The scholarship fund also collects proceeds from an annual golf scramble at Windy Knoll, the concessions from football scrimmages and the wrestling team’s efforts with a Turkey Trot running event at Thanksgiving and by getting pledges for the number of pins the team amasses each year.

Even Kristin Smith, the 2013 Miss Ohio who graduated from Vandalia Butler and was Blake’s first girlfriend, spoke out during her competition about the positive influence he had on her life.

“I had wondered, after the years went by and all the kids associated with Blake had graduated and gone on with their lives, just how much he would still be remembered,” Mark said.
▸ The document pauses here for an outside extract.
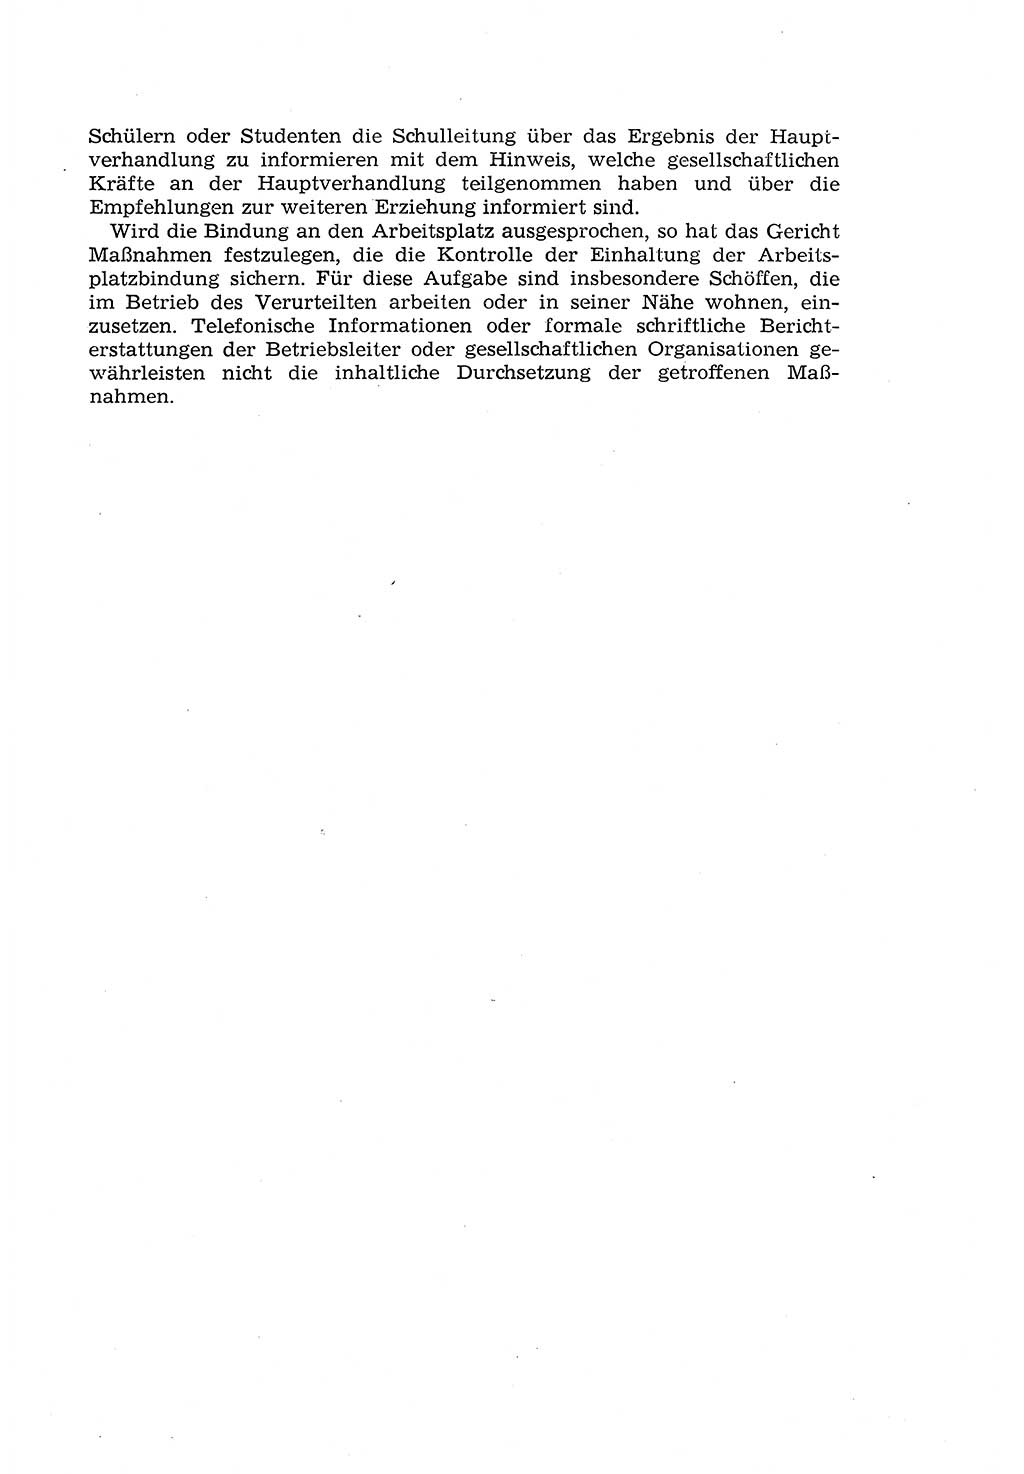 Die Mitwirkung der Werktätigen am Strafverfahren [Deutsche Demokratische Republik (DDR)] 1966, Seite 173 (Mitw. Str.-Verf. DDR 1966, S. 173)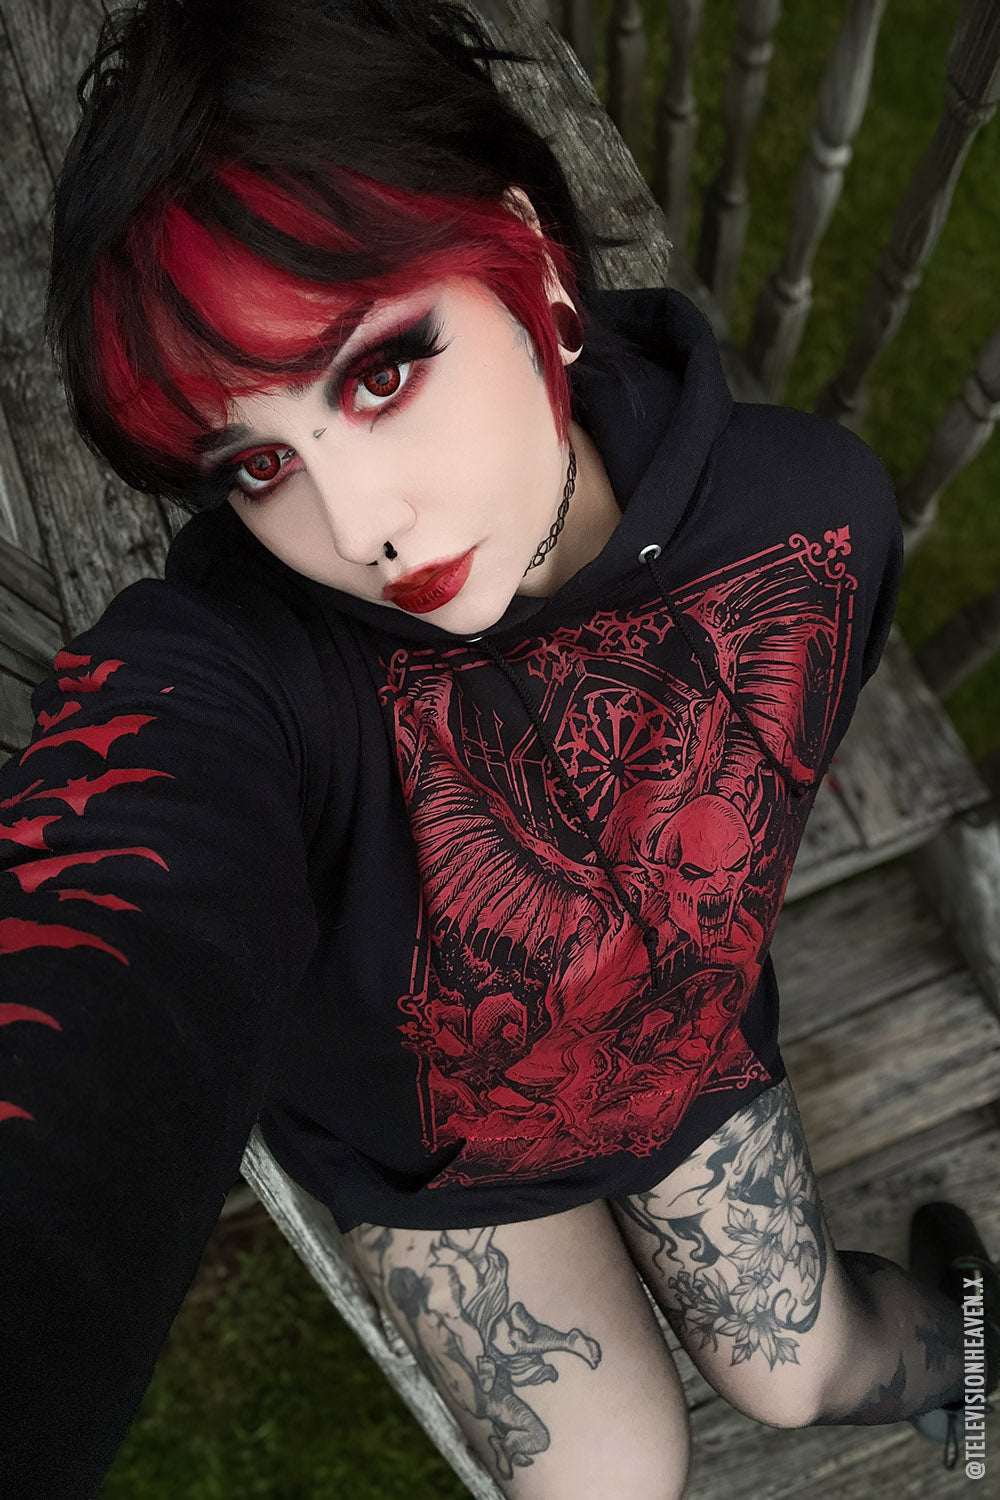 Sanguine Vampire Hoodie [BLOOD RED]

“And I especially wondered if the younger kids coming into school — kids who didn’t know him — would understand or care. But they have older brothers and sisters and there are the teachers and the other people in the community that all knew Blake and knew what he was about.

“The whole No. 41 idea has really jelled a whole school and made an impact in the community. It’s not just about remembering Blake, it’s about helping kids today. It represents so many things that are positive and that’s pretty uplifting for everybody.”

As Blake LaForce has shown over the years, it’s one thing to carry a football. It’s quite a bit more to be able to carry a school and a town.